Global stock markets fell sharply on Friday after President Trump announced 25% tariffs on imported autos, sparking renewed fears of an escalating trade war. The tariff news prompted investors to seek safer assets, pushing gold to fresh record highs as demand rose for protection against mounting economic and geopolitical risks.
Asian markets were particularly hard hit. Japan’s Nikkei dropped nearly 2% as major automakers such as Toyota and Honda saw significant share price declines. South Korea’s Kospi also fell by about 2%. In Europe, the STOXX 600 edged lower, with the automotive sector marking its sixth consecutive week of losses amid concerns about the sector’s exposure to new trade barriers.

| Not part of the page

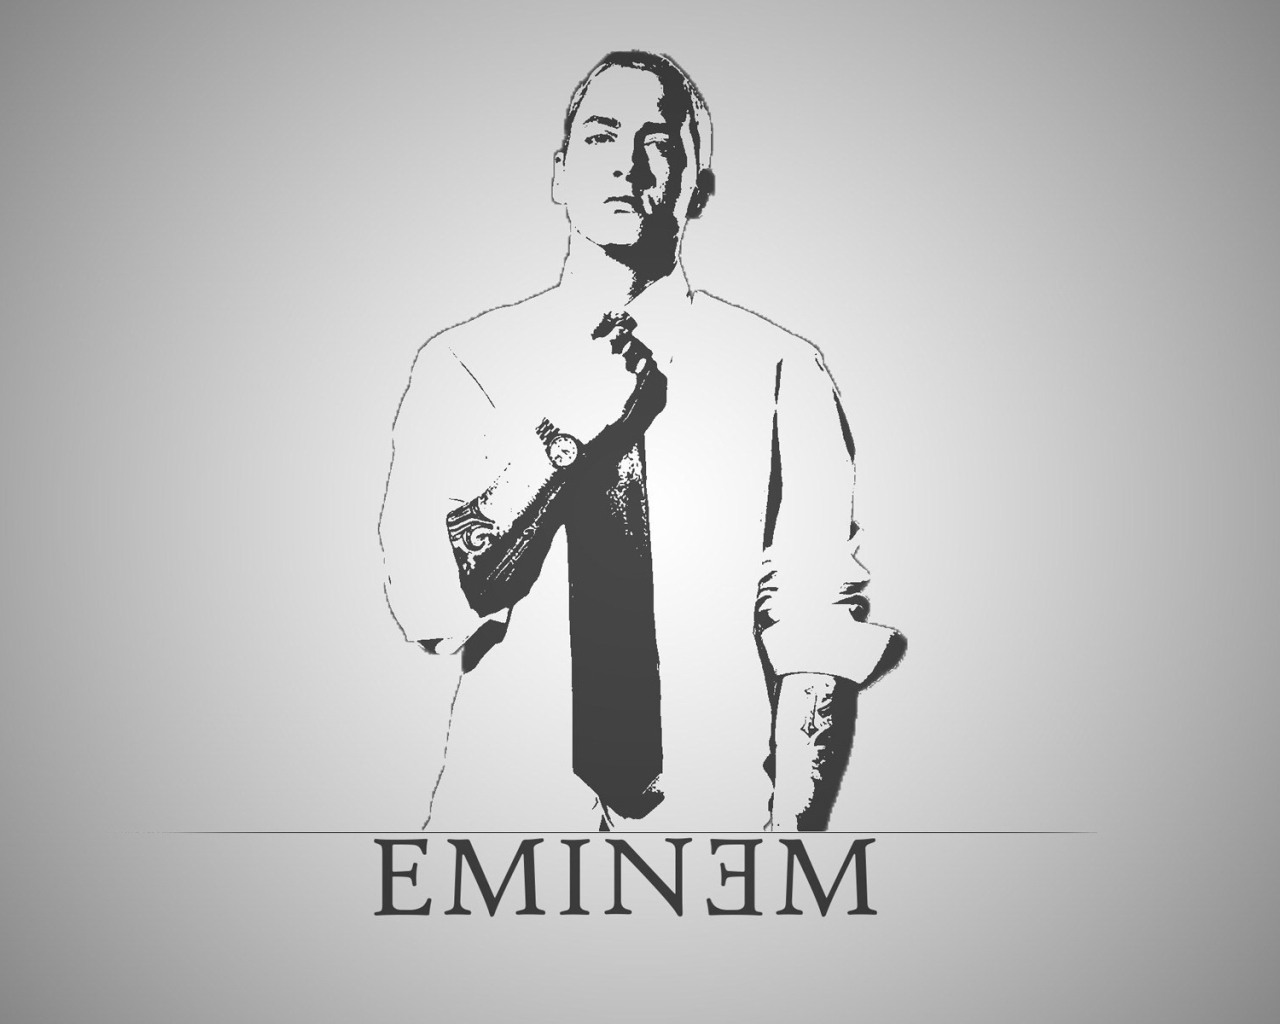 Portrait of the famous Eminem

Several automakers, including Volvo, Audi, Mercedes-Benz and Hyundai, have begun shifting production and supply chains in response to the tariff threat, accelerating efforts to minimize cost exposure and preserve market access. These moves underscore broader industry worries about higher production costs and disrupted supply lines.
Markets were tense ahead of April 2, the date when reciprocal measures targeting U.S. exports are widely expected to be announced. Traders and corporate planners remain cautious as officials on both sides prepare potential responses that could widen the trade conflict and affect global growth.
Analysts at Macquarie warned the developing situation could be both “growth-restraining and inflation-producing,” a combination that tends to erode investor confidence in risk assets. That assessment has helped drive money into gold, which investors view as a hedge against economic uncertainty and potential inflationary pressures resulting from higher tariffs and supply disruptions.
The immediate market reaction highlights how quickly geopolitical decisions can ripple through global equities, commodities and corporate strategies. Companies with complex cross-border production networks face difficult choices about where to manufacture, how to restructure supply chains and how to manage the added costs that tariffs impose. For investors, the near-term focus will be on central bank responses, corporate earnings guidance and further policy announcements that could clarify the trajectory of trade relations and economic growth.